Package 'randomPlantedForest' reference manual

Title:	Random Planted Forest: A Directly Interpretable Tree Ensemble
Description:	An implementation of the Random Planted Forest algorithm for directly interpretable tree ensembles based on a functional ANOVA decomposition.
Authors:	Joseph Theo Meyer [aut], Munir Hiabu [aut], Maike Spankus [aut], Marvin N. Wright [aut], Lukas Burk [cre, aut]
Maintainer:	Lukas Burk <[email protected]>
License:	Apache License (>= 2)
Version:	0.2.1.9000
Built:	2024-11-04 14:17:29 UTC
Source:	https://github.com/PlantedML/randomPlantedForest

Extract predicted components from a Random Planted Forest

Description

Prediction components are a functional decomposition of the model prediction. The sum of all components equals the overall predicted value for an observation.

Usage

predict_components(object, new_data, max_interaction = NULL, predictors = NULL)
predict_components(object, new_data, max_interaction = NULL, predictors = NULL)

Arguments

`object`	A fit object of class `rpf`.
`new_data`	Data for new observations to predict.
`max_interaction`	`integer` or `NULL`: Maximum degree of interactions to consider. Default will use the `max_interaction` parameter from the `rpf` object. Must be between `1` (main effects only) and the `max_interaction` of the `rpf` object.
`predictors`	`character` or `NULL`: Vector of one or more column names of predictor variables in `new_data` to extract components for. If `NULL`, all variables and their interactions are returned.

Details

Extracts all possible components up to max_interaction degrees, up to the value set when calling rpf(). The intercept is always included. Optionally predictors can be specified to only include components including the given variables. If max_interaction is greater than length(predictors), the max_interaction will be lowered accordingly.

Value

A list with elements:

m (data.table): Components for each main effect and interaction term, representing the functional decomposition of the prediction. All components together with the intercept sum up to the prediction. For multiclass classification, the number of output columns is multiplied by the number of levels in the outcome.
intercept (numeric(1)): Expected value of the prediction.
x (data.table): Copy of new_data containing predictors selected by predictors.
target_levels (character): For multiclass classification only: Vector of target levels which can be used to disassemble m, as names include both term and target level.

Note

Depending on the number of predictors and max_interaction, the number of components will increase drastically to sum(choose(ncol(new_data), seq_len(max_interaction))).

Examples


# Regression task, only some predictors
train <-  mtcars[1:20, 1:4]
test <-  mtcars[21:32, 1:4]

set.seed(23)
rpfit <- rpf(mpg ~ ., data = train, max_interaction = 3, ntrees = 30)

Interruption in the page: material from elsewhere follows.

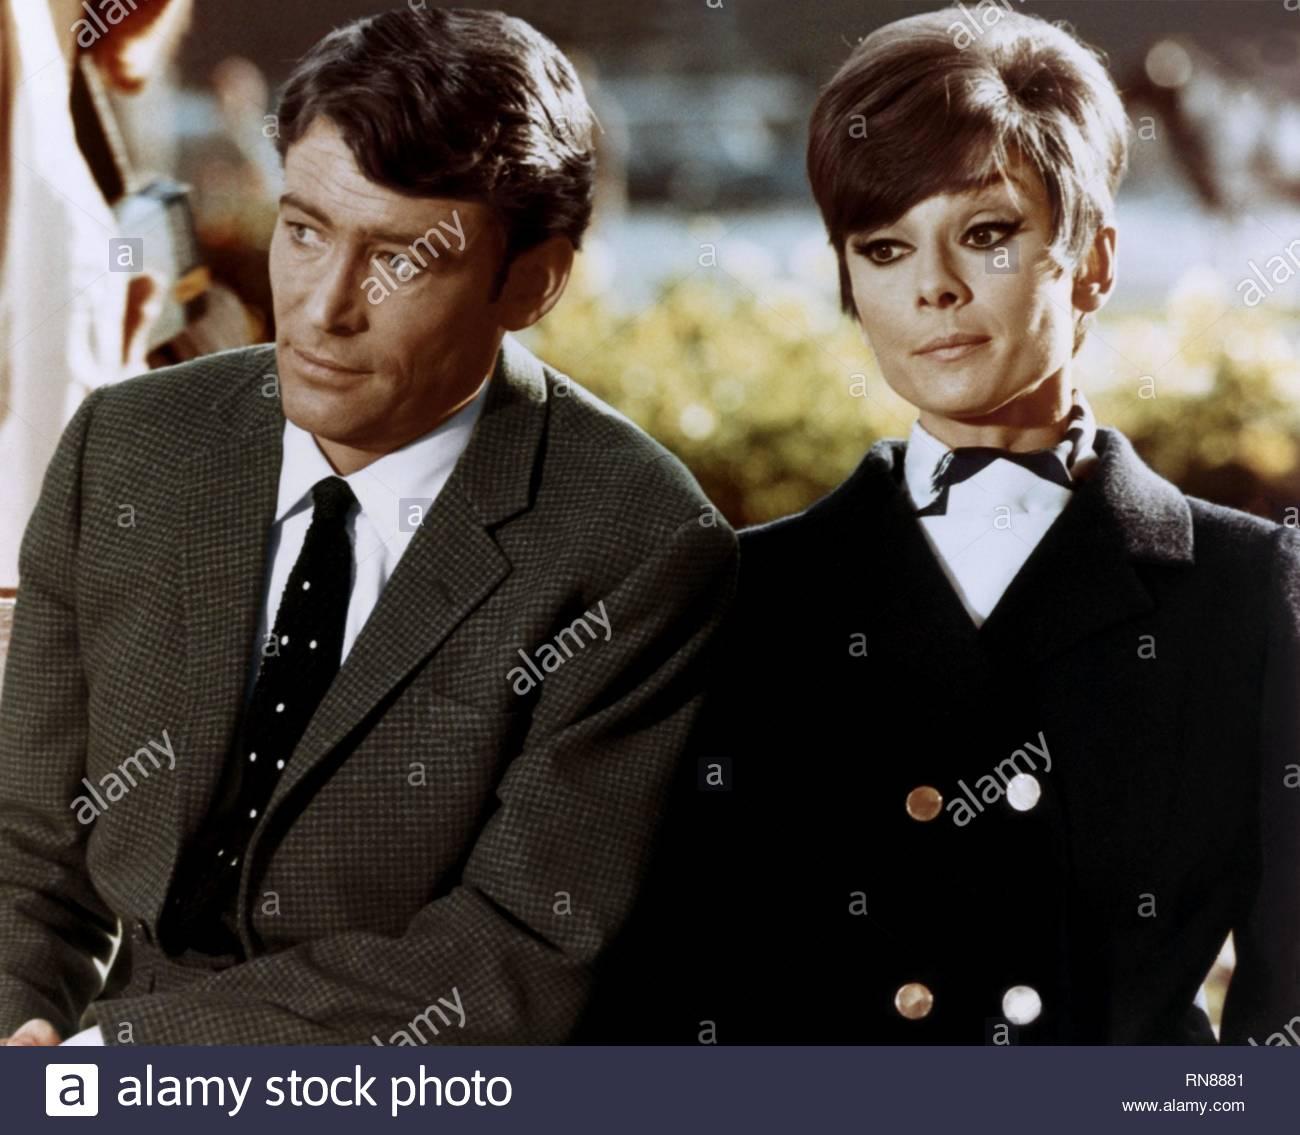 PETER O'TOOLE,Audrey Hepburn, COMMENT VOLER UN MILLION DE DOLLARS, 1966 Photo Stock

# Extract all components, including main effects and interaction terms up to `max_interaction`
(components <- predict_components(rpfit, test))

# sums to prediction
cbind(
  m_sum = rowSums(components$m) + components$intercept,
  prediction = predict(rpfit, test)
)

# Only get components with interactions of a lower degree, ignoring 3-way interactions
predict_components(rpfit, test, max_interaction = 2)

# Only retrieve main effects
(main_effects <- predict_components(rpfit, test, max_interaction = 1))

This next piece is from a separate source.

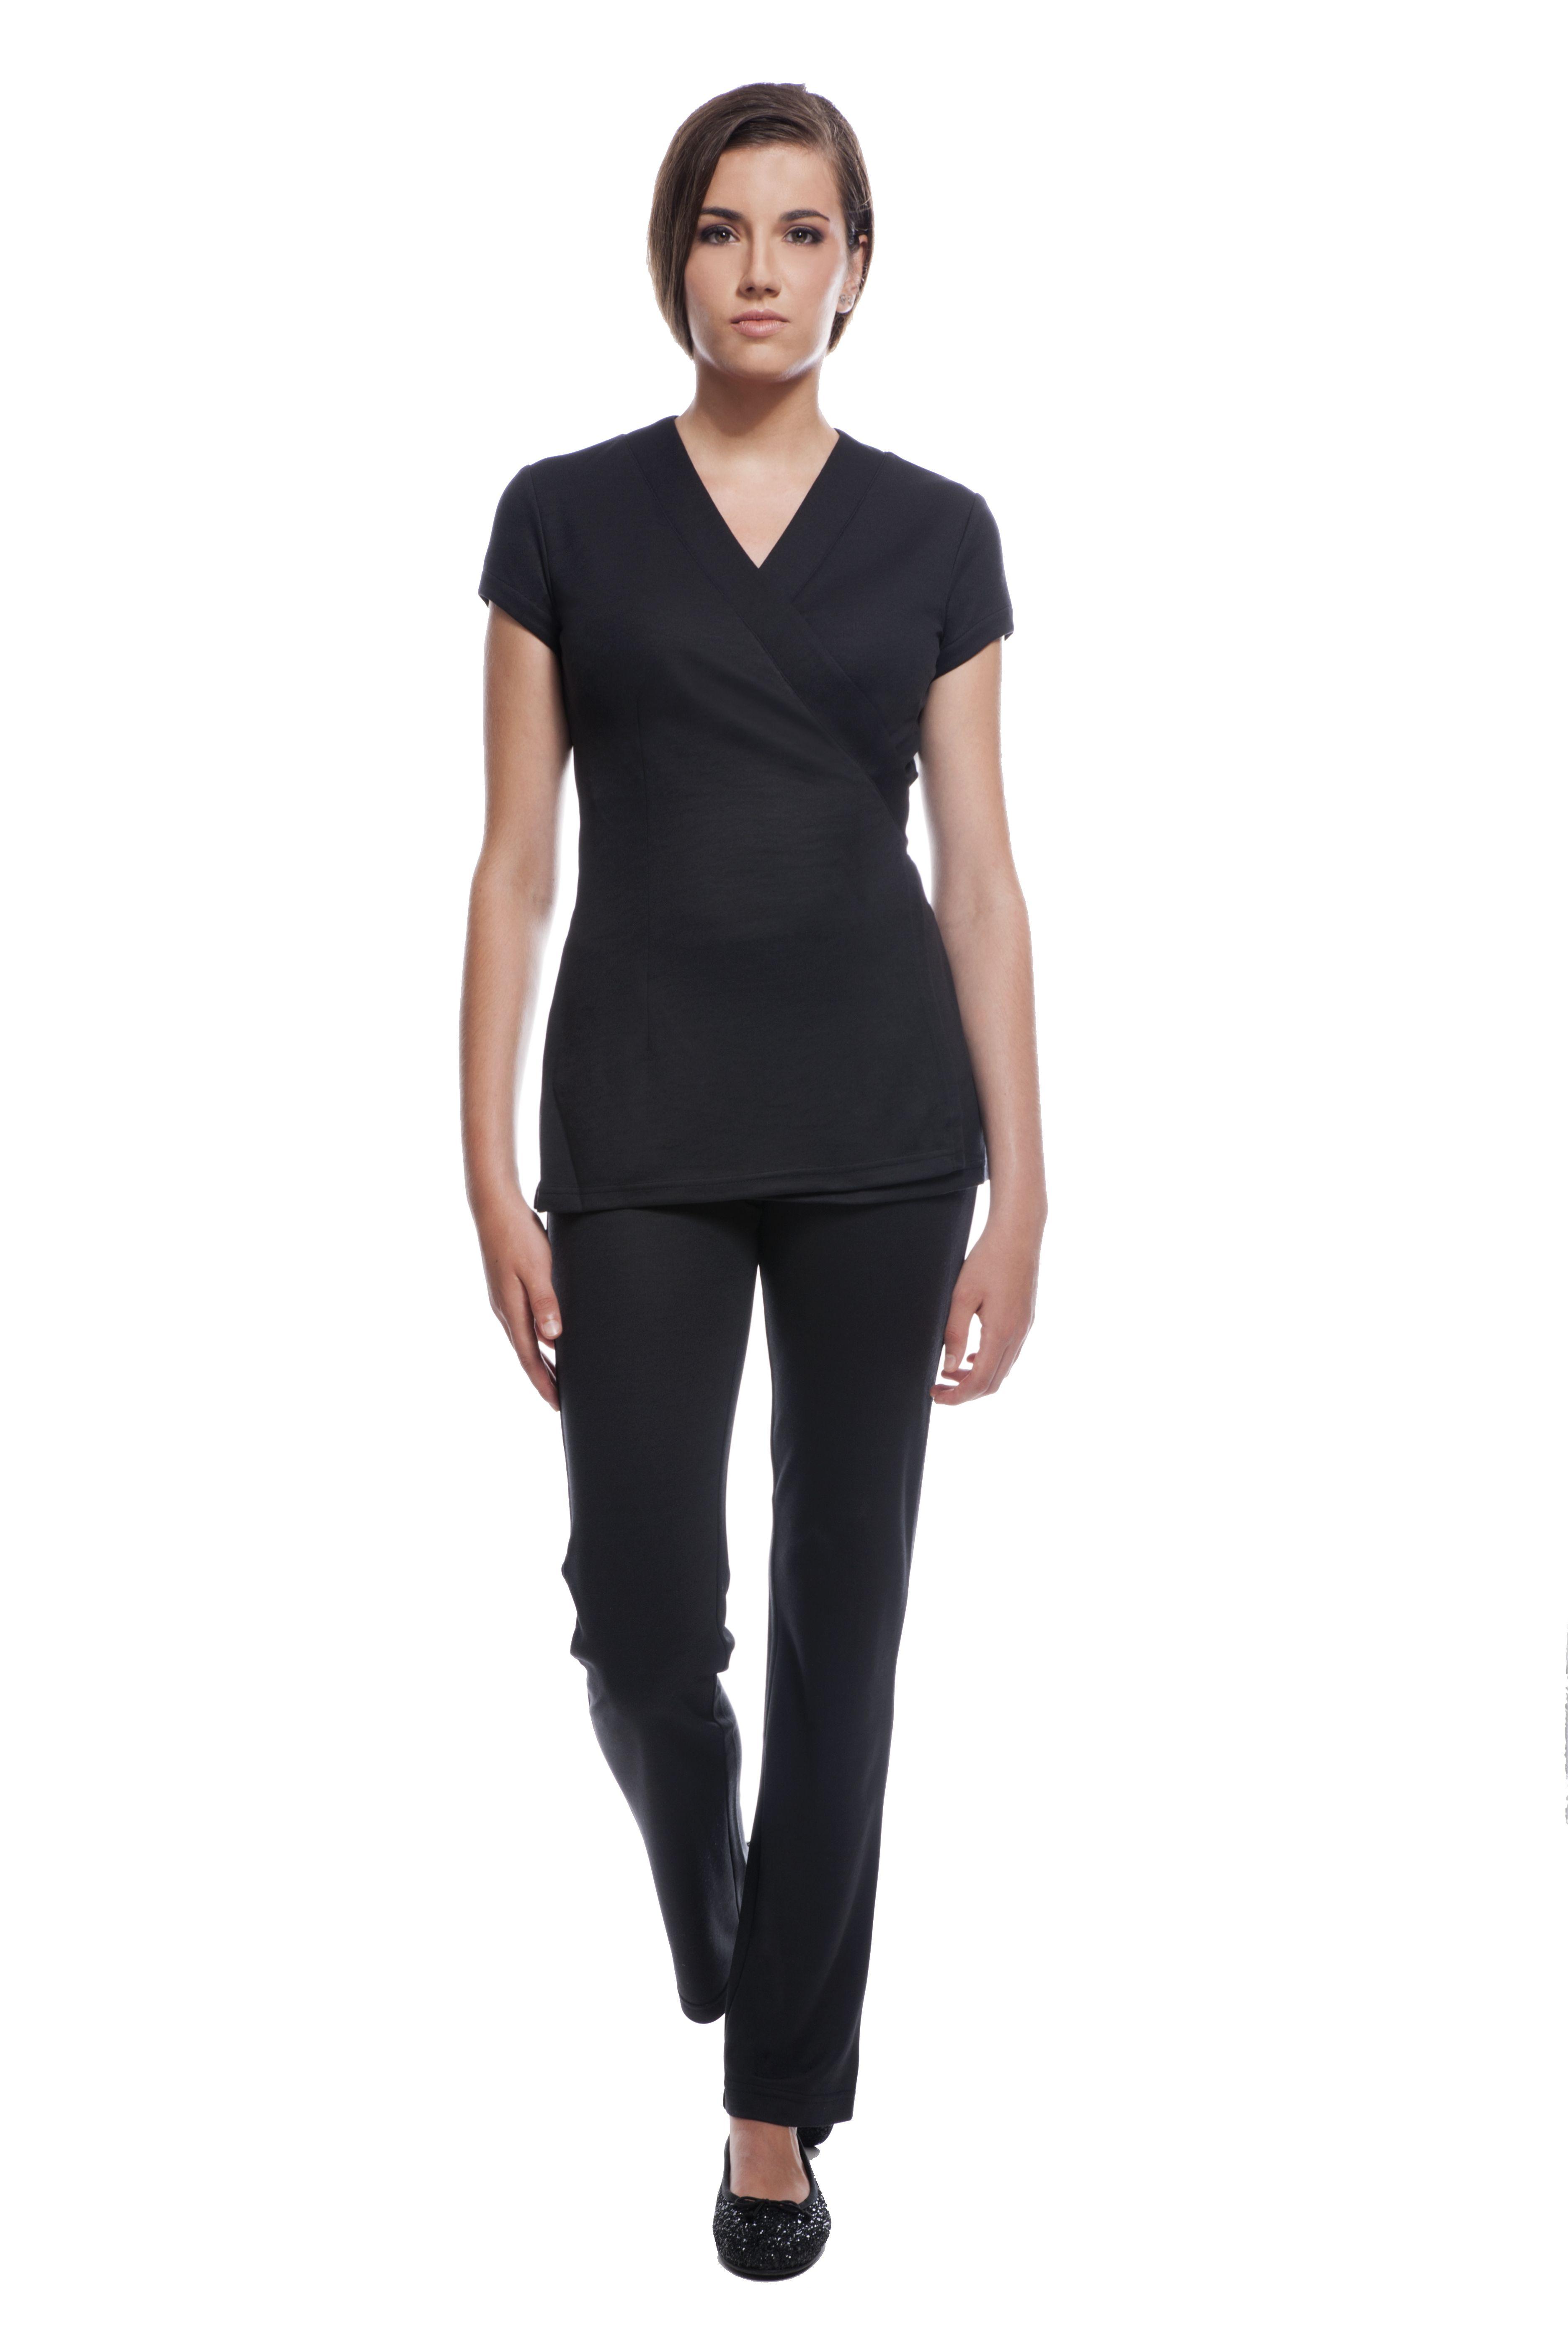 Stylemonarchy spa uniform sao paulo tunic cancun pants for Spa uniform images

# The difference is the combined contribution of interaction effects
cbind(
  m_sum = rowSums(main_effects$m) + main_effects$intercept,
  prediction = predict(rpfit, test)
)

# Regression task, only some predictors
train <-  mtcars[1:20, 1:4]
test <-  mtcars[21:32, 1:4]

set.seed(23)
rpfit <- rpf(mpg ~ ., data = train, max_interaction = 3, ntrees = 30)

# Extract all components, including main effects and interaction terms up to `max_interaction`
(components <- predict_components(rpfit, test))

# sums to prediction
cbind(
  m_sum = rowSums(components$m) + components$intercept,
  prediction = predict(rpfit, test)
)

# Only get components with interactions of a lower degree, ignoring 3-way interactions
predict_components(rpfit, test, max_interaction = 2)

# Only retrieve main effects
(main_effects <- predict_components(rpfit, test, max_interaction = 1))

# The difference is the combined contribution of interaction effects
cbind(
  m_sum = rowSums(main_effects$m) + main_effects$intercept,
  prediction = predict(rpfit, test)
)

Random Planted Forest Predictions

Description

Random Planted Forest Predictions

Usage

## S3 method for class 'rpf'
predict(
  object,
  new_data,
  type = ifelse(object$mode == "regression", "numeric", "prob"),
  ...
)
## S3 method for class 'rpf'
predict(
  object,
  new_data,
  type = ifelse(object$mode == "regression", "numeric", "prob"),
  ...
)

Arguments

`object`	A fit object of class `rpf`.
`new_data`	Data for new observations to predict.
`type`	`"numeric"` for regression outcomes, `"class"` for class predictions or `"prob"` for probability predictions. For classification and `loss = "L1"` or `"L2"`, `"numeric"` yields raw predictions which are not guaranteed to be valid probabilities in `⁠[0, 1]⁠`. For `type = "prob"`, these are truncated to ensure this property. If `loss` is `"logit"` or `"exponential"`, `type = "link"` is an alias for `type = "numeric"`, as in this case the raw predictions have the additional interpretation similar to the linear predictor in a `glm`.
`...`	Unused.

Value

For regression: A tbl with column .pred with the same number of rows as new_data.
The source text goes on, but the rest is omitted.